In early September, 1999, Plaintiff applied for a promotion to the position of Residential Instructor at Grafton. She had an interview with Sean Lore, Grafton’s Residential Supervisor, and Mamamadou Traore on October 14, 1999. On or about October 20, 1999, Plaintiff received a letter from Lore stating that Plaintiff was not selected for the position and that Grafton was still searching for “someone who meets the needs of the individual in the home and the needs of the home.” Paper no. 11, Ex. 11.

A meeting was held between Plaintiff, Lore, John Straus, Plaintiffs immediate supervisor, and Keith King, Grafton’s Residential Administrator, to discuss why Plaintiff did not receive the Residential Instructor position. At this meeting, Plaintiff was told, apparently by Lore, that her excessive tardiness and absenteeism cost her the promotion. Paper no. 10, Ex. A, at 51-52. Plaintiff questioned Straus at the meeting as to why he, her immediate supervisor, did not express complaints to her about excessive absences. Though Straus did not disagree with Lore’s characterization, he admitted that he did not have the records in front of him. Id., at 54. A subsequent search of the records by Lore showed absences and late days well in excess of the number set by Grafton policy as grounds for termination. Paper no. 11, Ex. 17.

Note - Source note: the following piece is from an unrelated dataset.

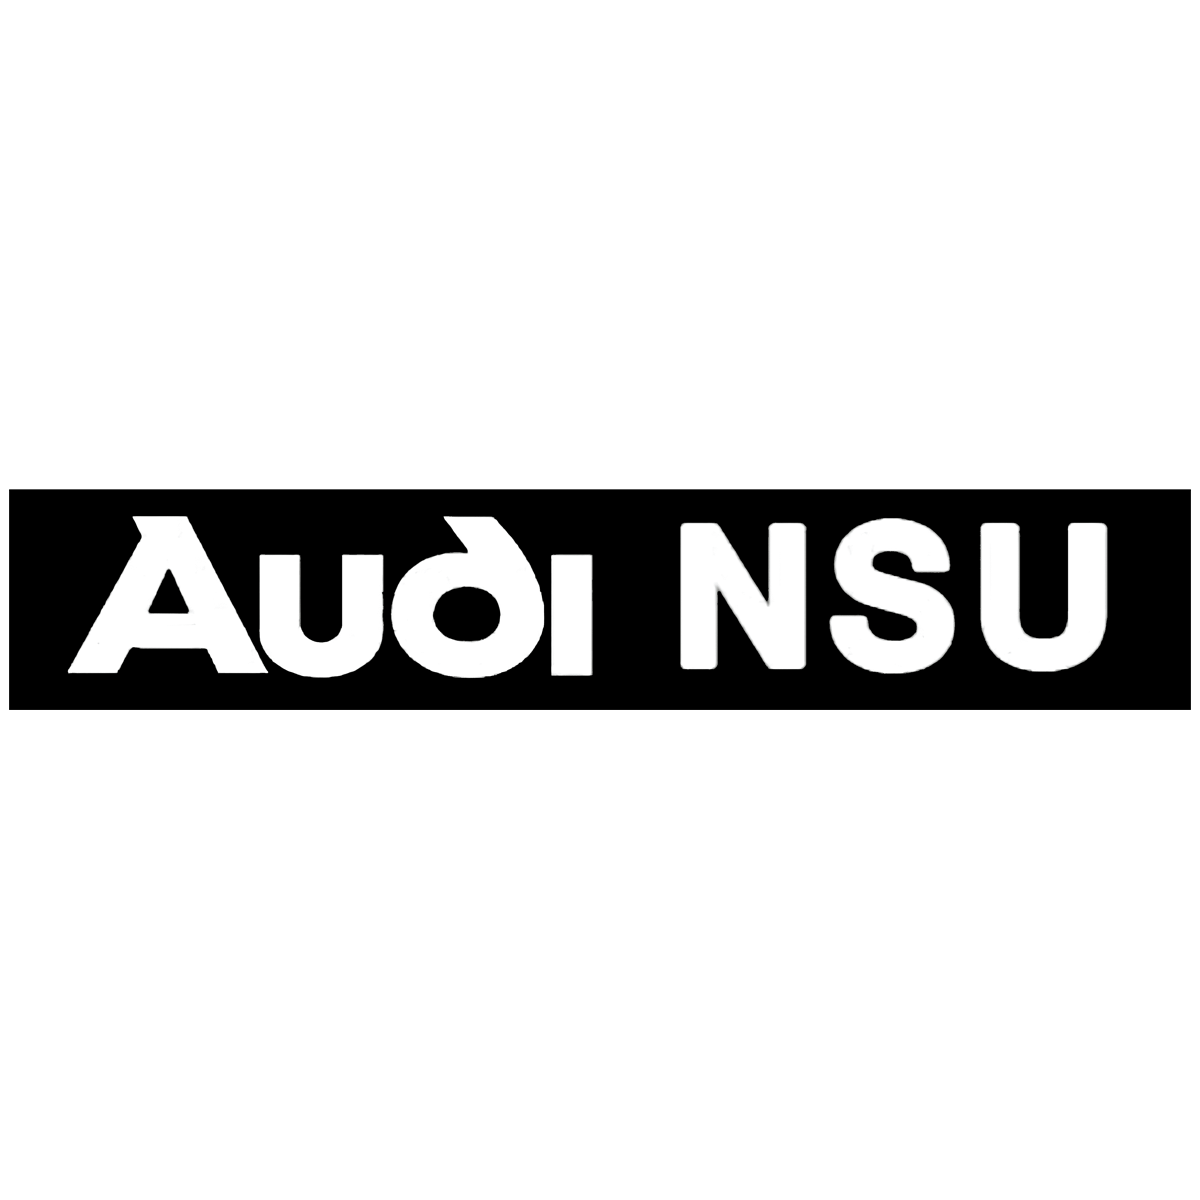 Audi NSU Logo 1969 PNG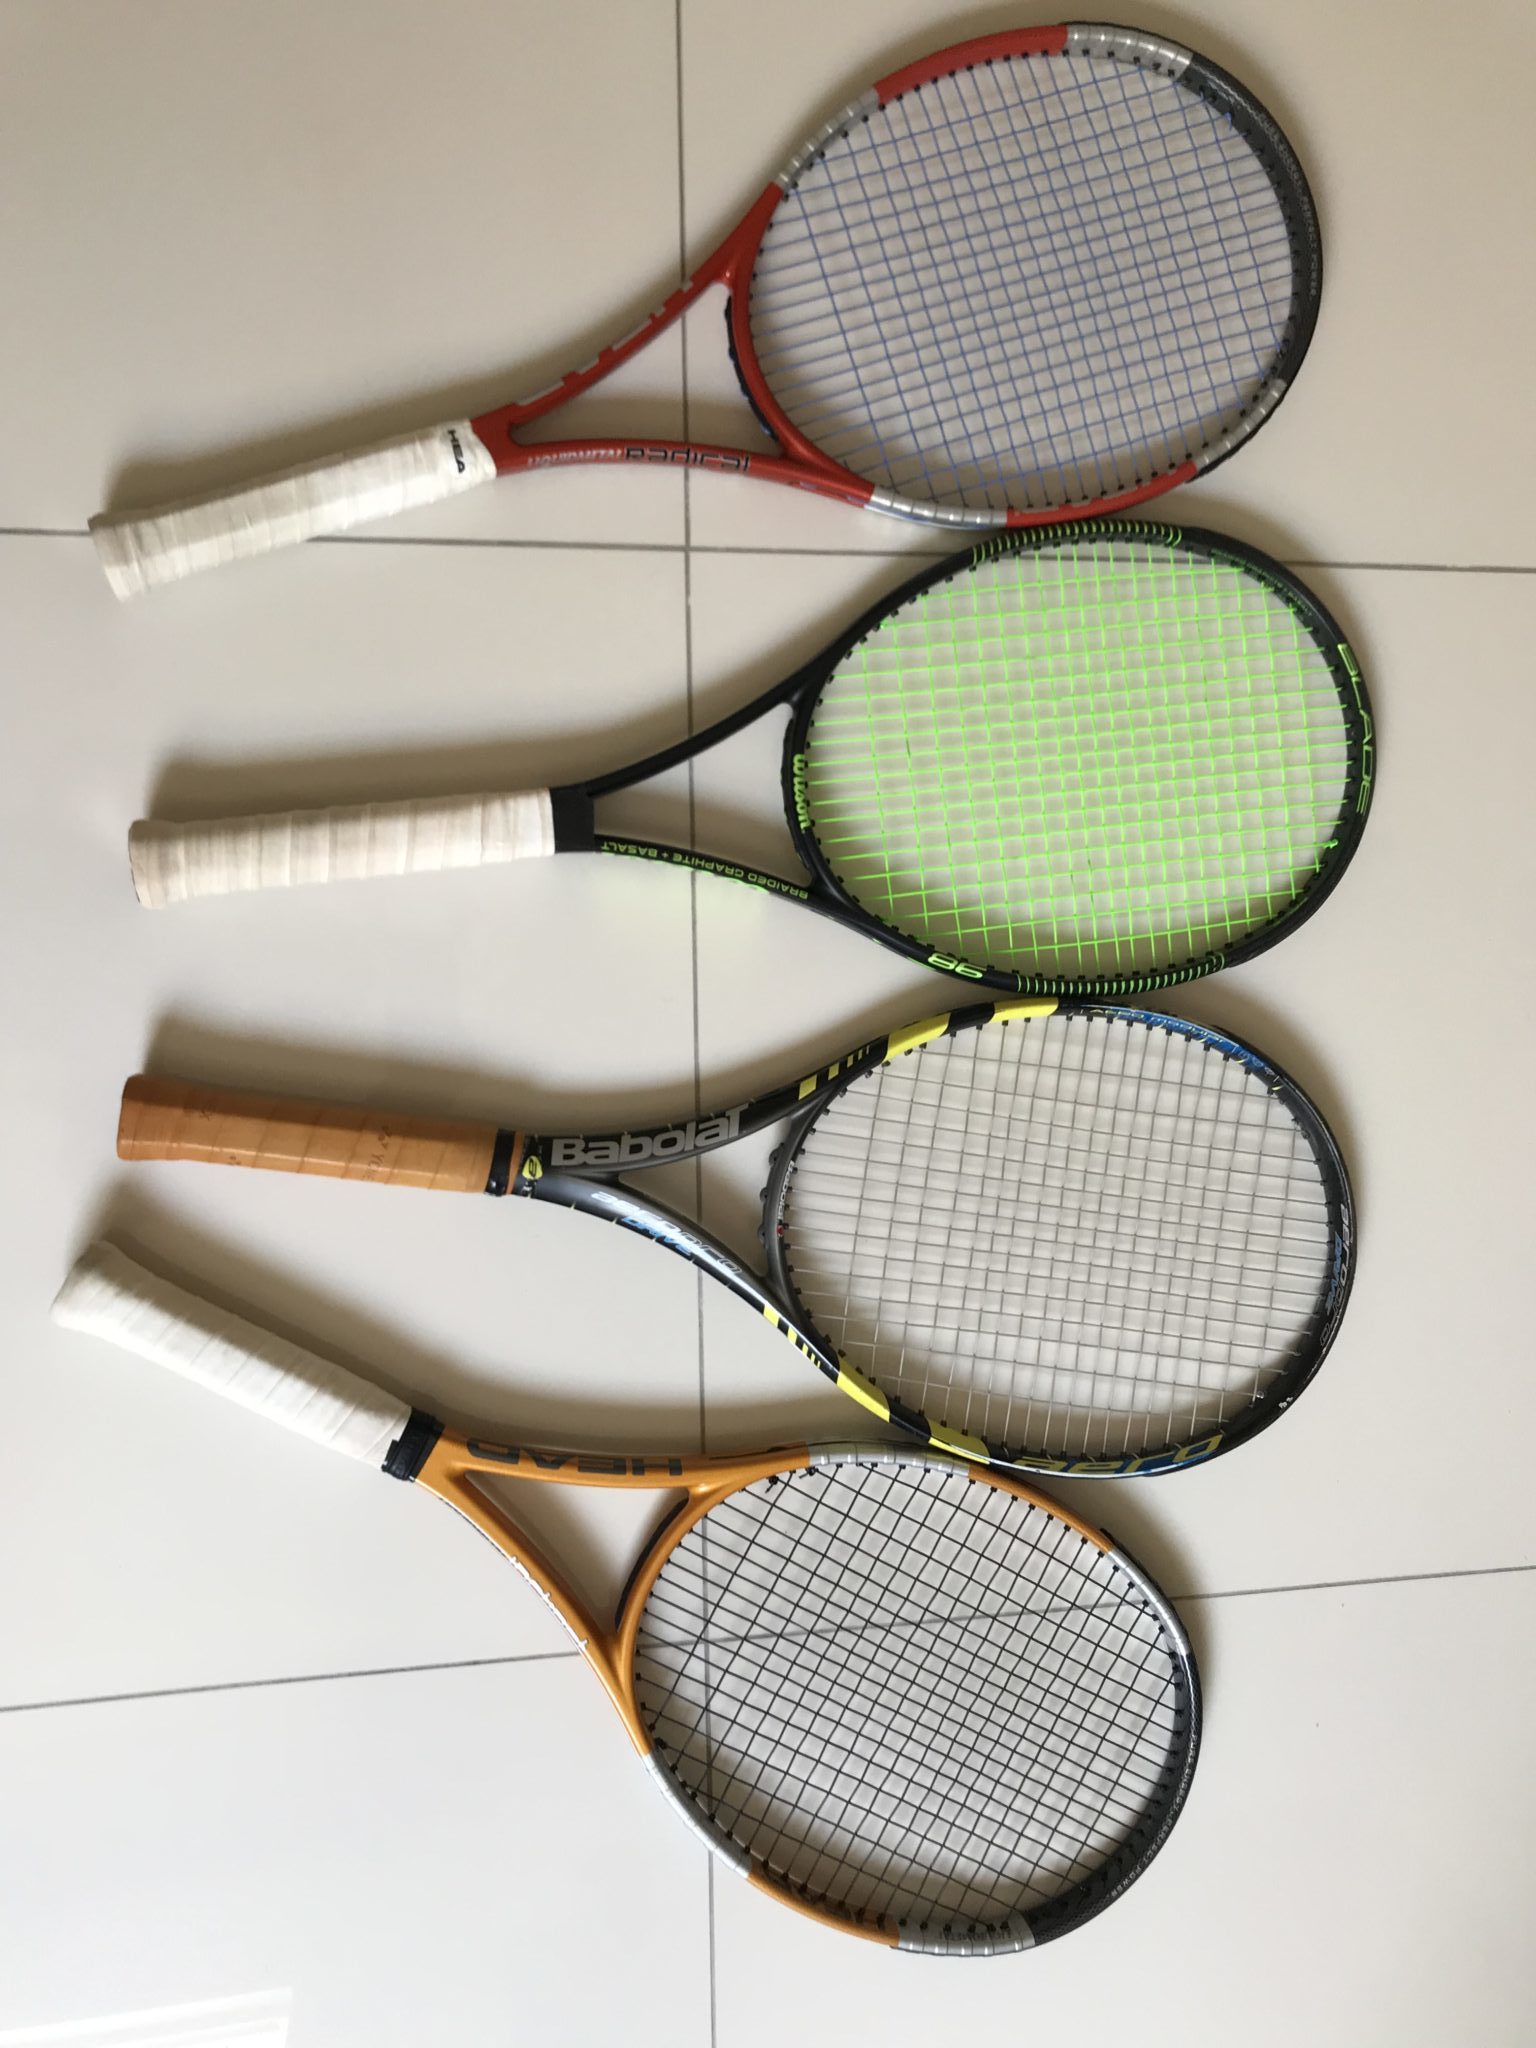 G4 UNSTRUNG Yonex Tennis Racquet VCORE Tour G Hard-Hitting w/Max Control/Spin

Plaintiff alleges that, as she was walking away from this meeting, she heard Lore say, within earshot of Straus, “I don’t want to give the job to her because she’s a lazy African woman.” Paper no. 11, Ex. 18, at 51.

On or about October 21, 1999, within 180 days of the occurrence of the acts about which she complains, Plaintiff filed a complaint with the Equal Employment Opportunity Commission (EEOC) against Grafton. Complaint, at ¶ 7. On June 2, 2000, Plaintiff received a “right to sue” letter from the EEOC based on claims of employment discrimination under Title VII. Complaint, at § 8; Paper no. 11, Ex. 19. Plaintiff filed this suit promptly after receiving the “right to sue” letter.

In her EEOC complaint, Plaintiff made reference not only to Grafton’s failure to promote, but also to a separate incident occurring on September 17, 1999, in which she alleges that she was unfairly “written up” for a failure to take students on a scheduled August 16, 1999, outing to play miniature golf despite an acceptable explanation for her actions. Paper no. 11, Ex. 19. She alleges, in her deposition, that she was told to sign the Straus memorandum, *497 which criticized her ability to communicate effectively as well as her failure to complete the outing, because of her race. Paper no. 10, Ex. A, at 63-68. Additionally, in her deposition, Plaintiff alleges that she was denied overtime hours on the basis of race. Paper no. 10, Ex. A, at 92.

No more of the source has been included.